EXERCISE GOAL: In the listing that follows, find the line with "Two Bezel Diamond Necklace", then copy exactly from it through the line with "Resort photo spot The Standard Spa Miami", leaving out every picture.

** Opening SUPPLIED DATA block **

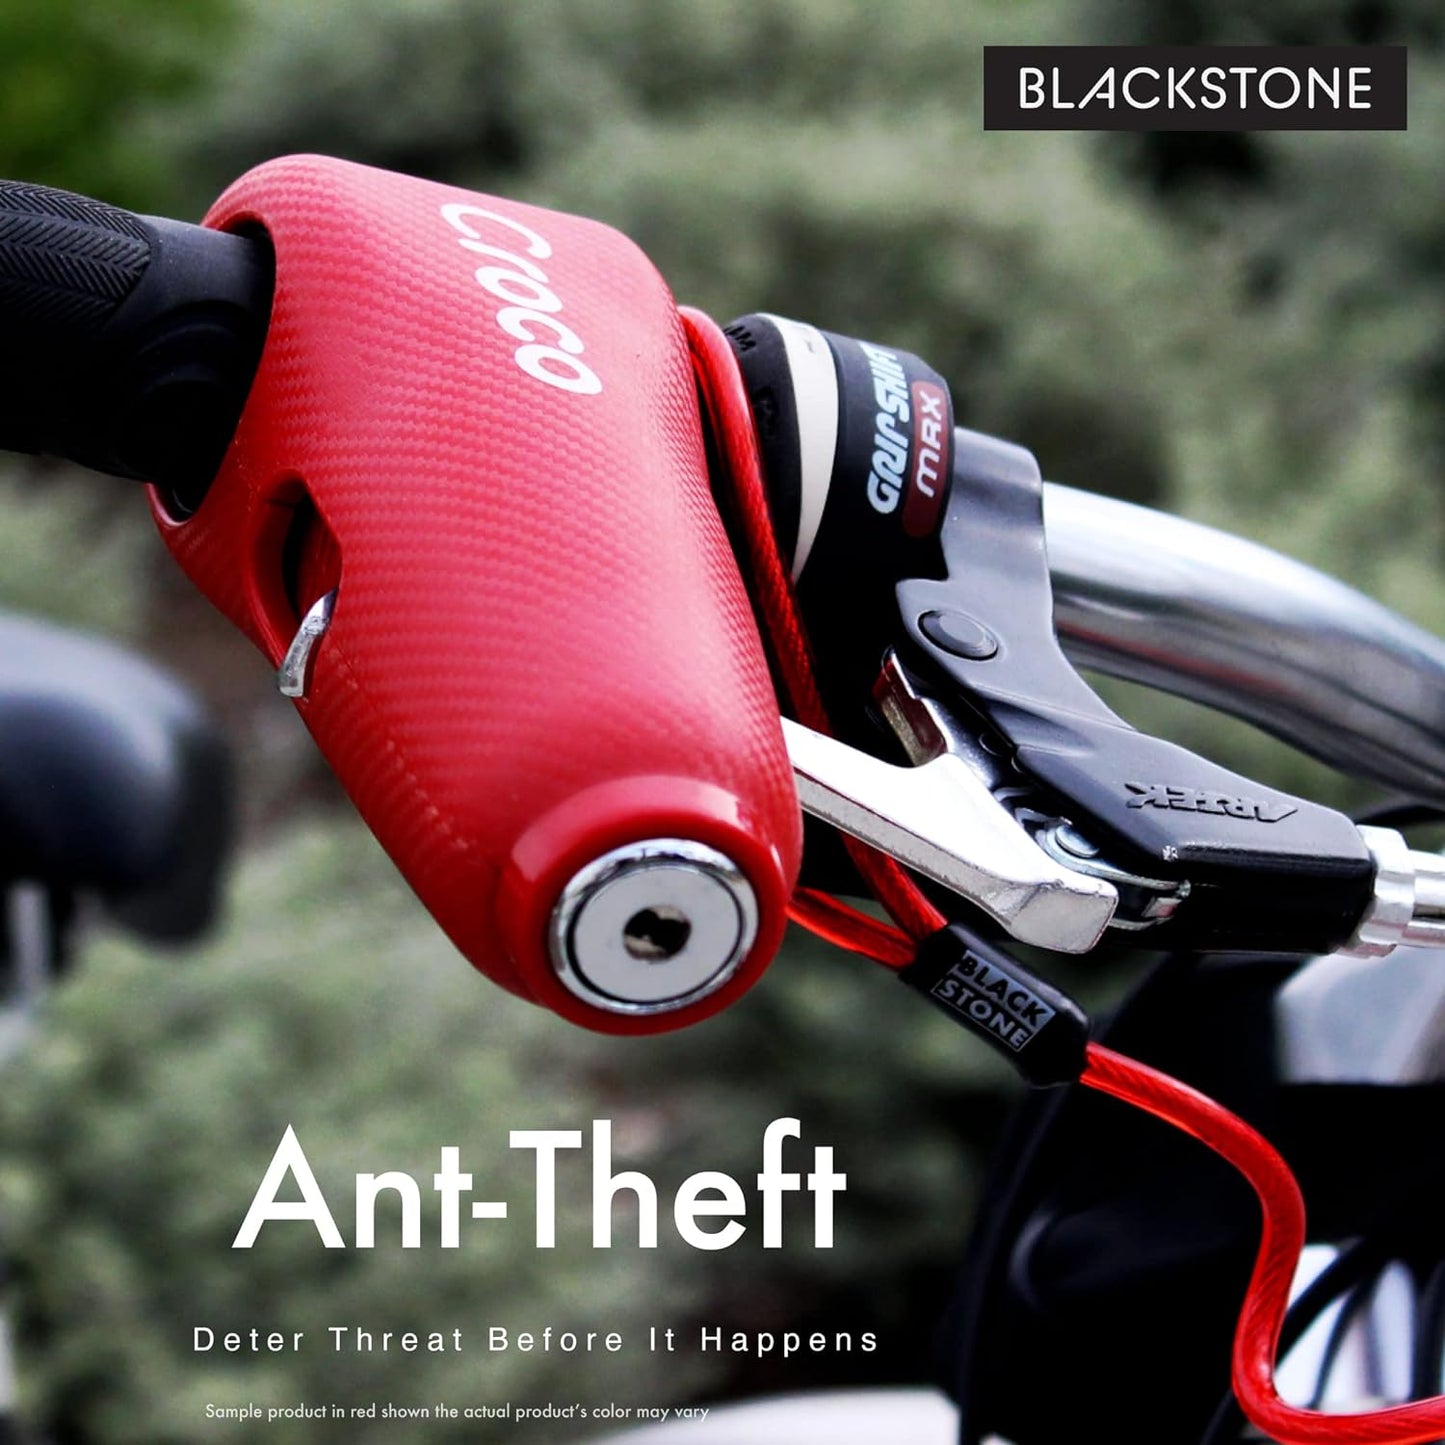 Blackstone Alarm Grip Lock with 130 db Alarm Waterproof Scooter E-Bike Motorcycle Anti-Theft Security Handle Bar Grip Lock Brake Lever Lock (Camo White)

** Closing SUPPLIED DATA block **
** Opening SUPPLIED DATA block **

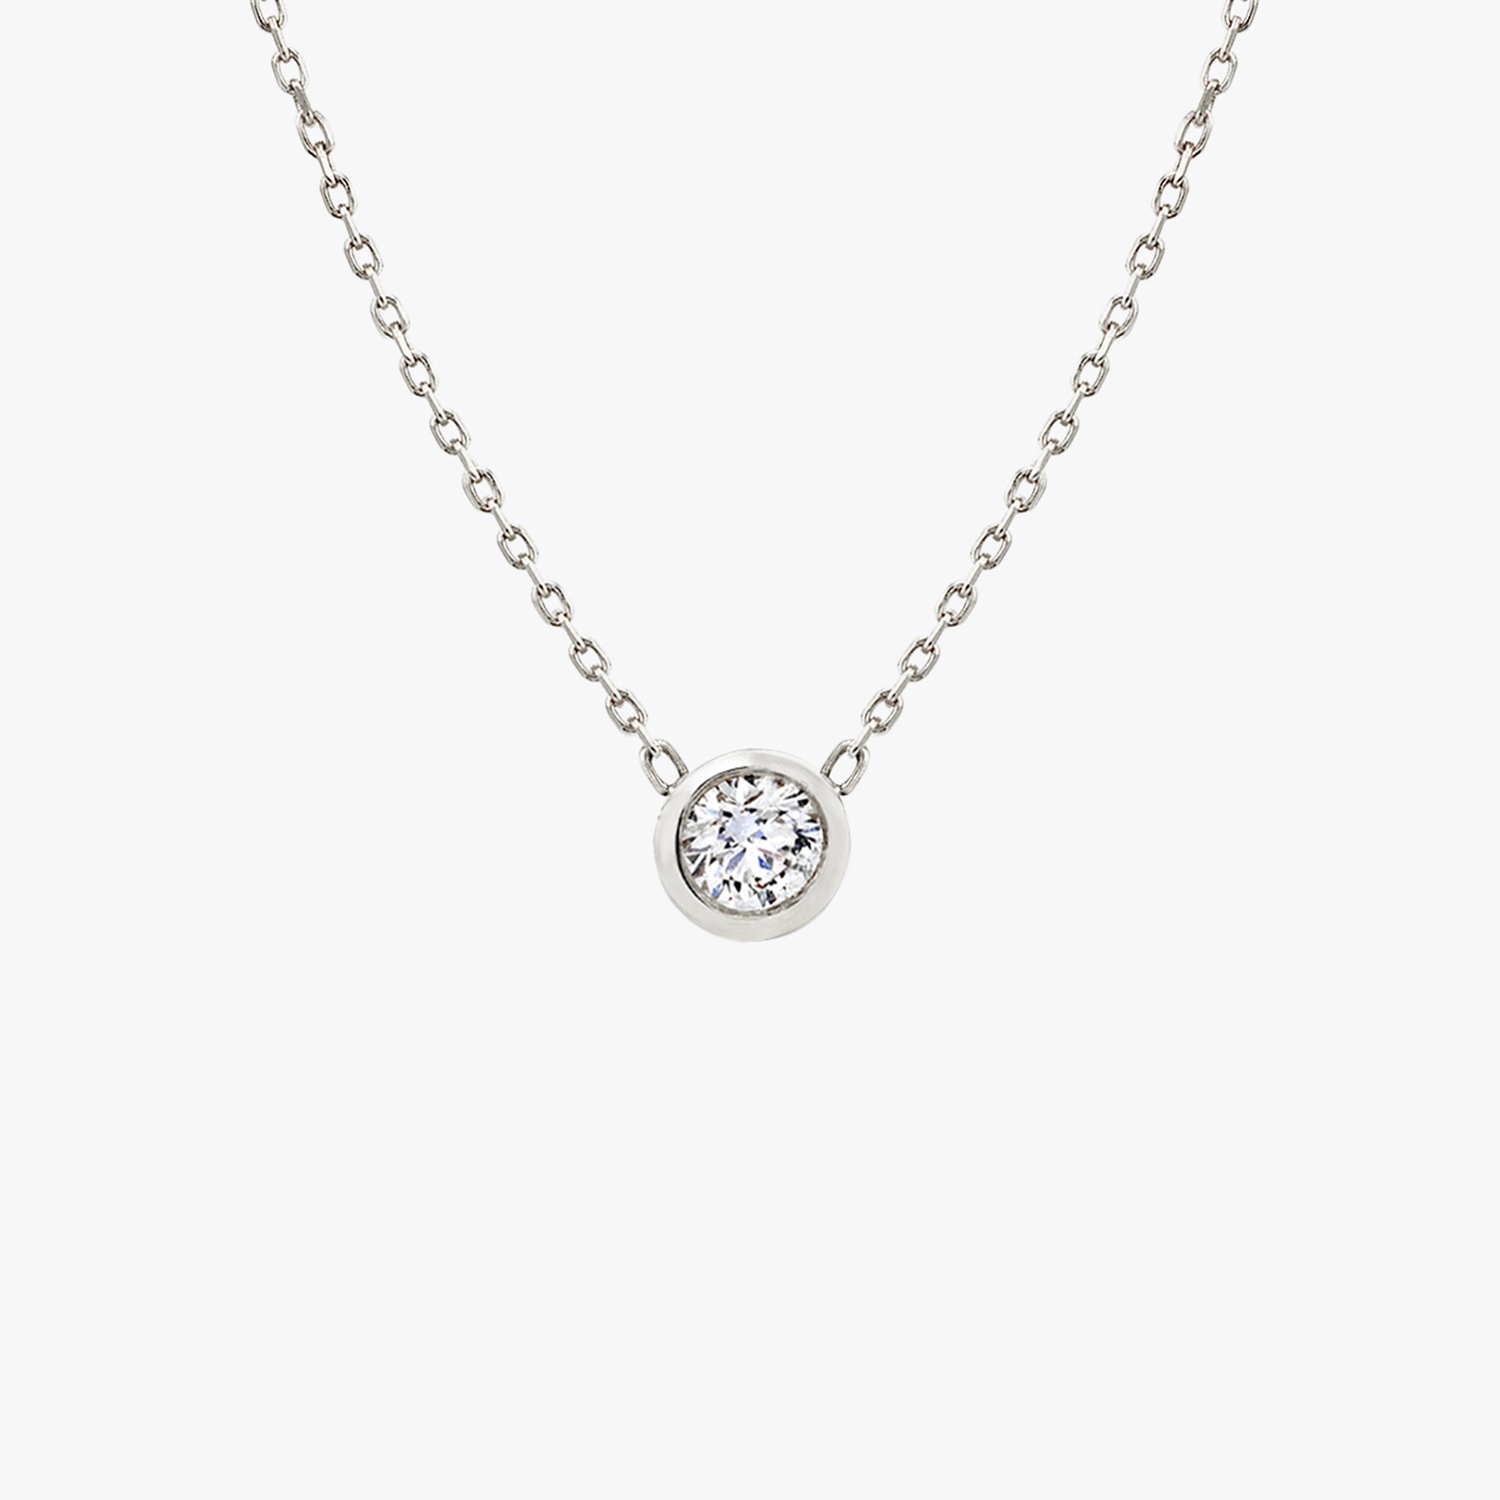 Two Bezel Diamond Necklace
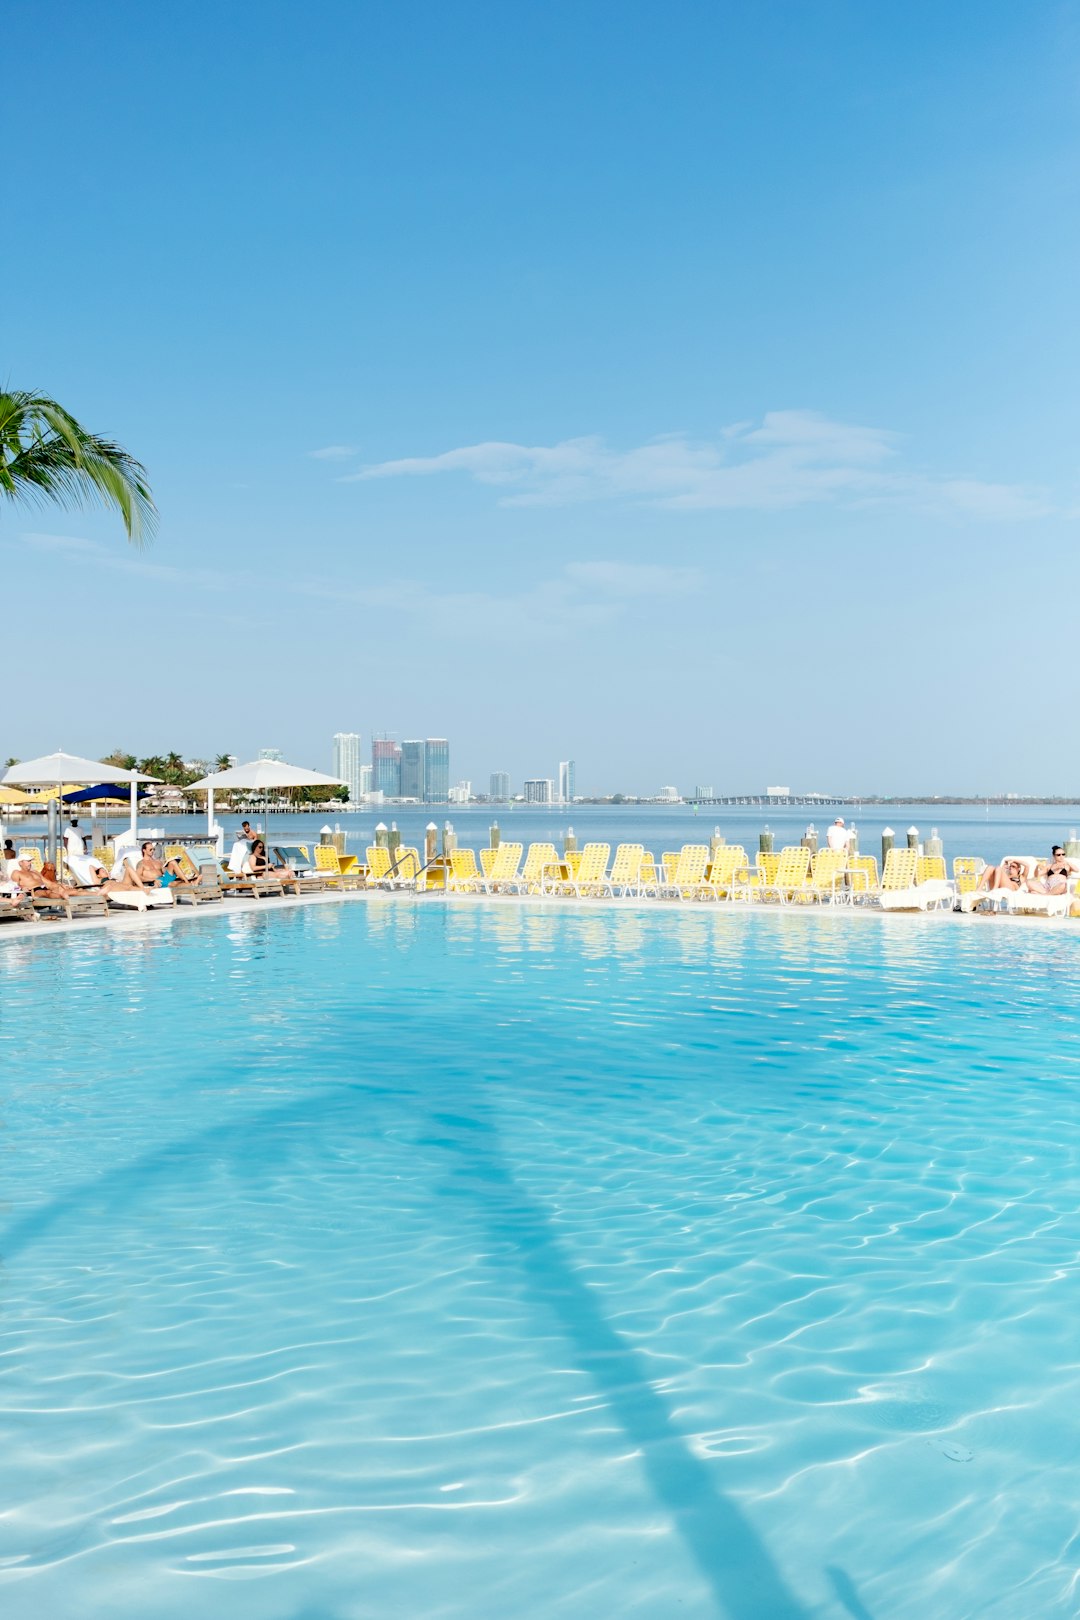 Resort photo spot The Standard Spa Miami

** Closing SUPPLIED DATA block **

YOUR RESPONSE:
 Two Bezel Diamond Necklace
 Resort photo spot The Standard Spa Miami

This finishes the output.